Yes I am staring to take my melatonin again.  Things are settling but I had to take half of what I was awarded.  my credit score has dropped from 880 to 580 in 2 years, I have to refinance my car in order to get off all the loans that has been a challenge.  This is especially difficult to swallow as I have a double masters degree and have not been in this situation since my early 20's!  It is embarrassing.

But this will be an end and allow me to get going on getting back to where I was.  I don't think I will ever allow myself to be so "one" with another person again.  As I stated this has been going on so long I am remarried, great guy but just don't ever want to give my all again, just hurts too much.  On top of it the last month I have been very sick with ulcers which will go away again once this is over and I am TRYING to be positive so I can do my job.  I really want and need to succeed.  talking with someone like you has really helped!!
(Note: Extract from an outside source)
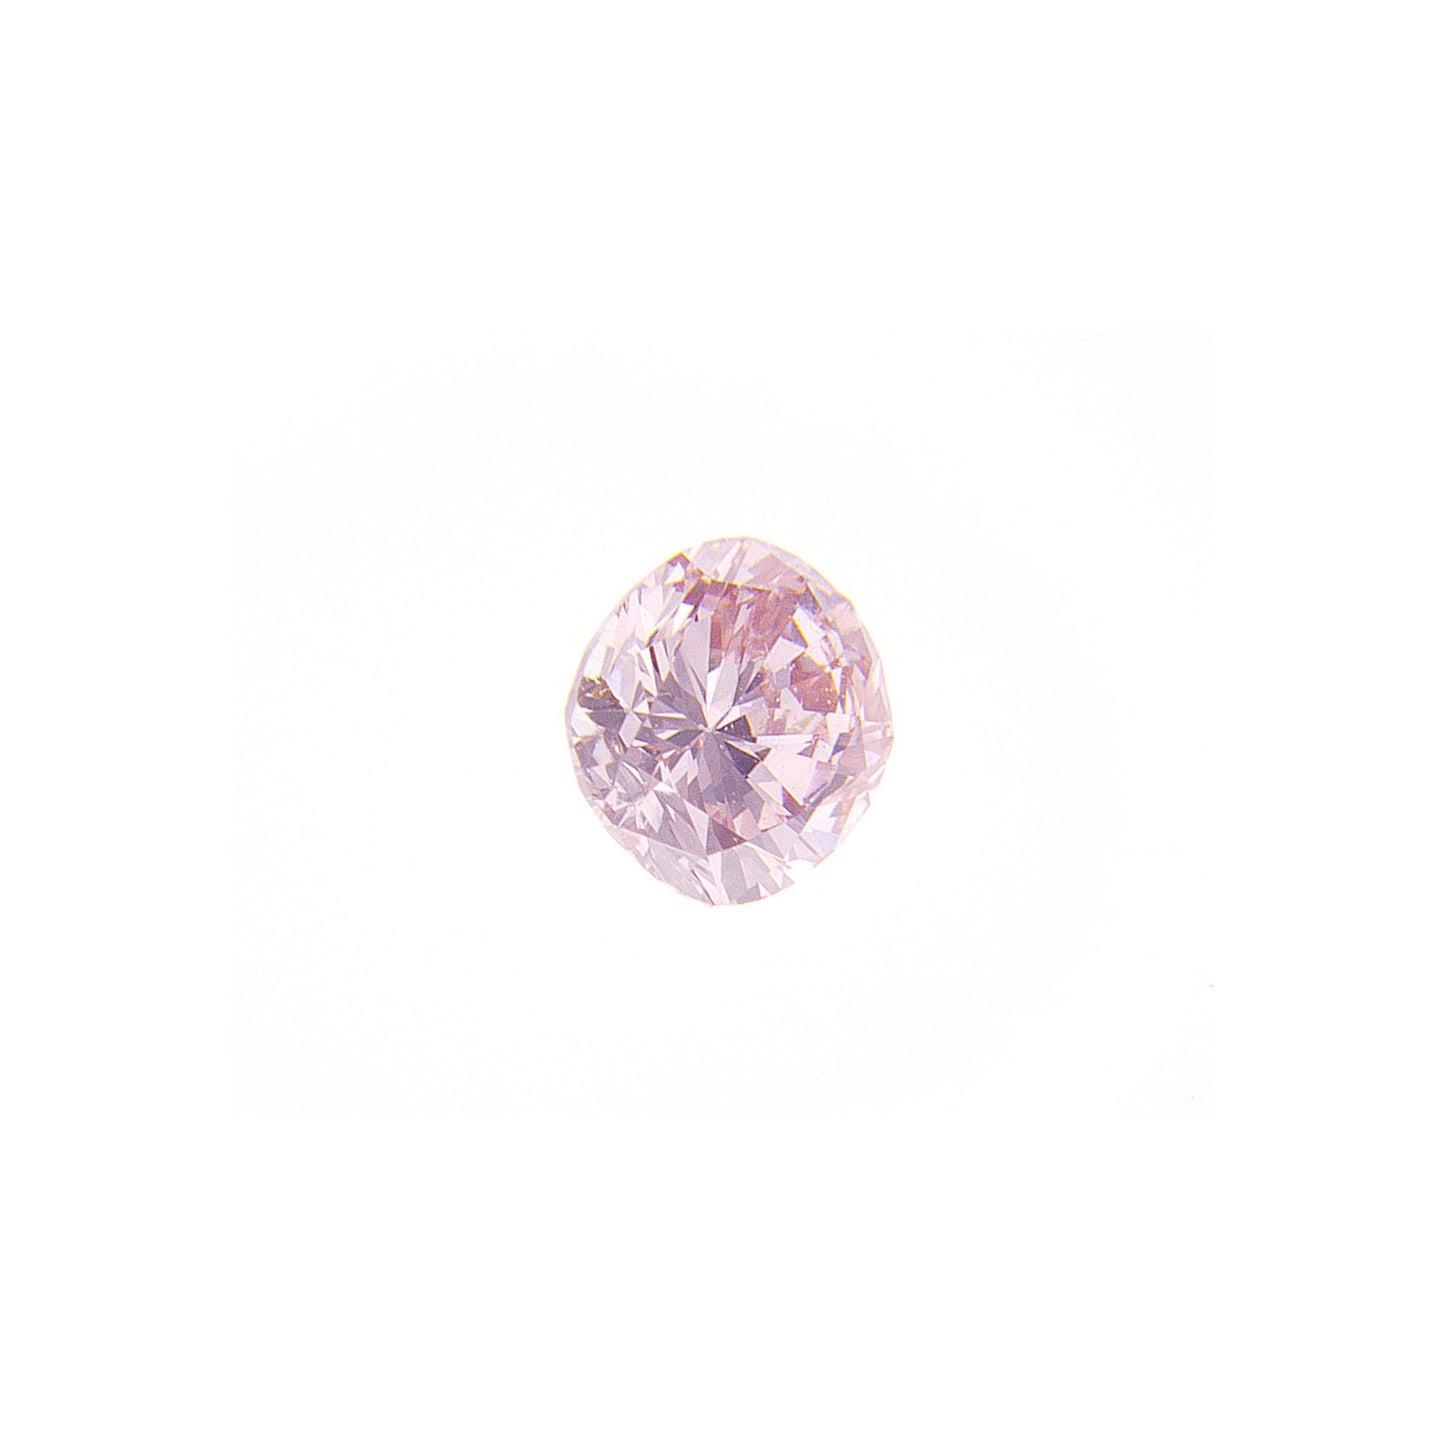 0.13ct Fancy Pink, Cushion Diamond - 3.44 x 3.04 x 1.94mm

I just can't seem to get out of this funk and "live " again.  I have gained weight and am hoping I can get myself back when this is done on July 11!  I am trying to tell myself I can do this.  What hurts is seeing pictures of myself when this started and I am so sad! 

I must remember to move forward.  I hope your sibling can work through this, as you know this is an incredibly horrible feeling.  It doesn't help that I moved and my closest friends are an hour away.  I work from home a few days a week and am alone a lot but I have my faithful fur baby Zeus, my 19 month old German Shepherd (my husband wanted me to get one to protect me as my ex was stalking me), SO GLAD I did , he gives unconditional love. 

My daughter is bi-polar and a mess, we do not see each other often so I have my Zeus!!!!! 

I agree, I HAVE to believe there are better days ahead!!!  Thanks!!